The California Public Utilities Commission (PUC) should reject a PG&E proposal to monopolize electric vehicle (EV) charging infrastructure on grounds that it will raise costs for ratepayers while stifling innovation. PG&E has proposed to charge ratepayers to install 25,100 EV charging stations, whether or not they are EV drivers.
In a petition to the PUC, Consumer Watchdog wrote, “allowing PG&E to be the only decision maker with authority over the hardware, locations and pricing of this EV charging network will result in little to no incentive to keep costs low, particularly when these costs are being passed along to ratepayers. Nor can we trust PG&E, which is the subject of ongoing scandal, to give consumers access to the most advanced technology for the least amount of money.”
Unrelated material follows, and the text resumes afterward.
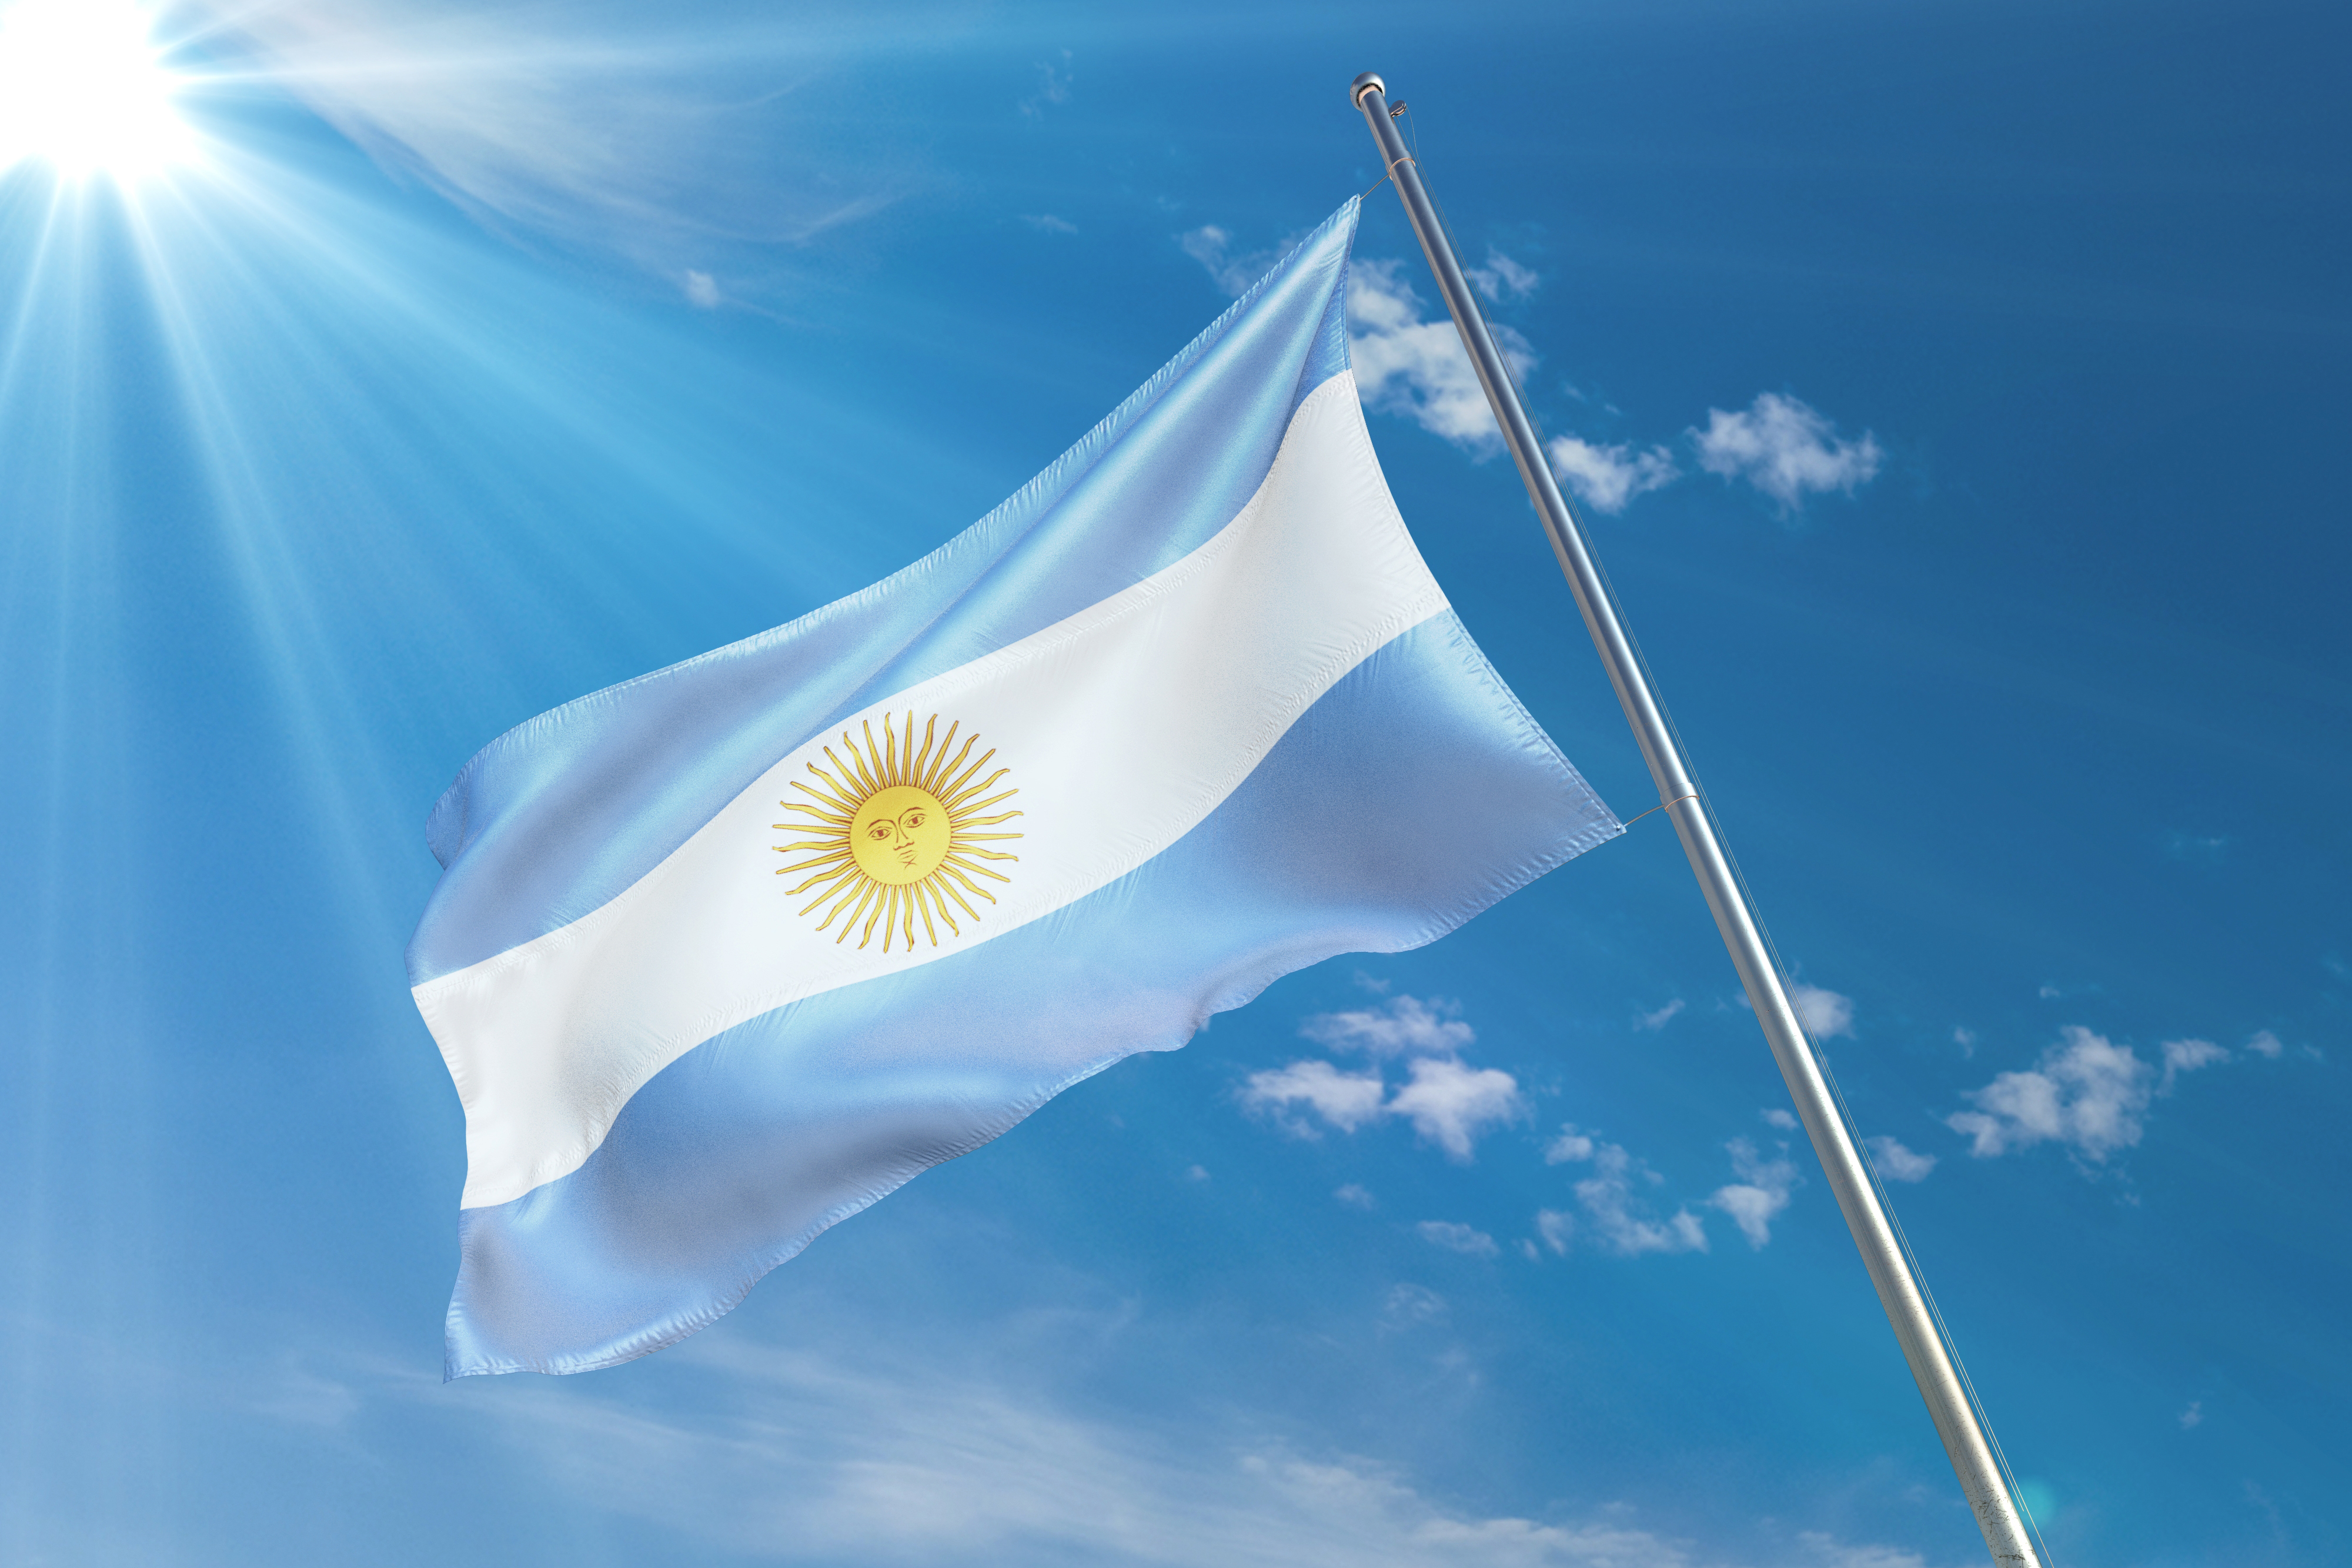 The flag symbolizes the citizenship of Argentina

To read the petition, see: http://docs.cpuc.ca.gov/PublishedDocs/Efile/G000/M148/K825/148825650.PDF
The letter continued that, "PG&E’s proposal would pass through the estimated $653.8 million cost of the program to all ratepayers in their service territory, which covers most of central and northern California.
“PG&E will be using this enormous investment to enter into a market activity in which it has no previous experience. That creates real financial risk for ratepayers and real risk of an inappropriate, one-size-fits-all result of station infrastructure with limited features for both those who install stations and those who use them.”
"Ongoing scandals involving the PUC and PG&E also do not instill confidence that regulators will make sure the utility installs the best technology for the best price," the letter said.
“Judging by thousands of emails made public that show PG&E actually dictated to the PUC what safety directive it should receive in the wake of the deadly San Bruno gas pipeline explosion, what’s to guarantee that PG&E will develop a plan that enables customer choice and advances the best technology without unnecessarily burdening ratepayers?" Consumer Watchdog said.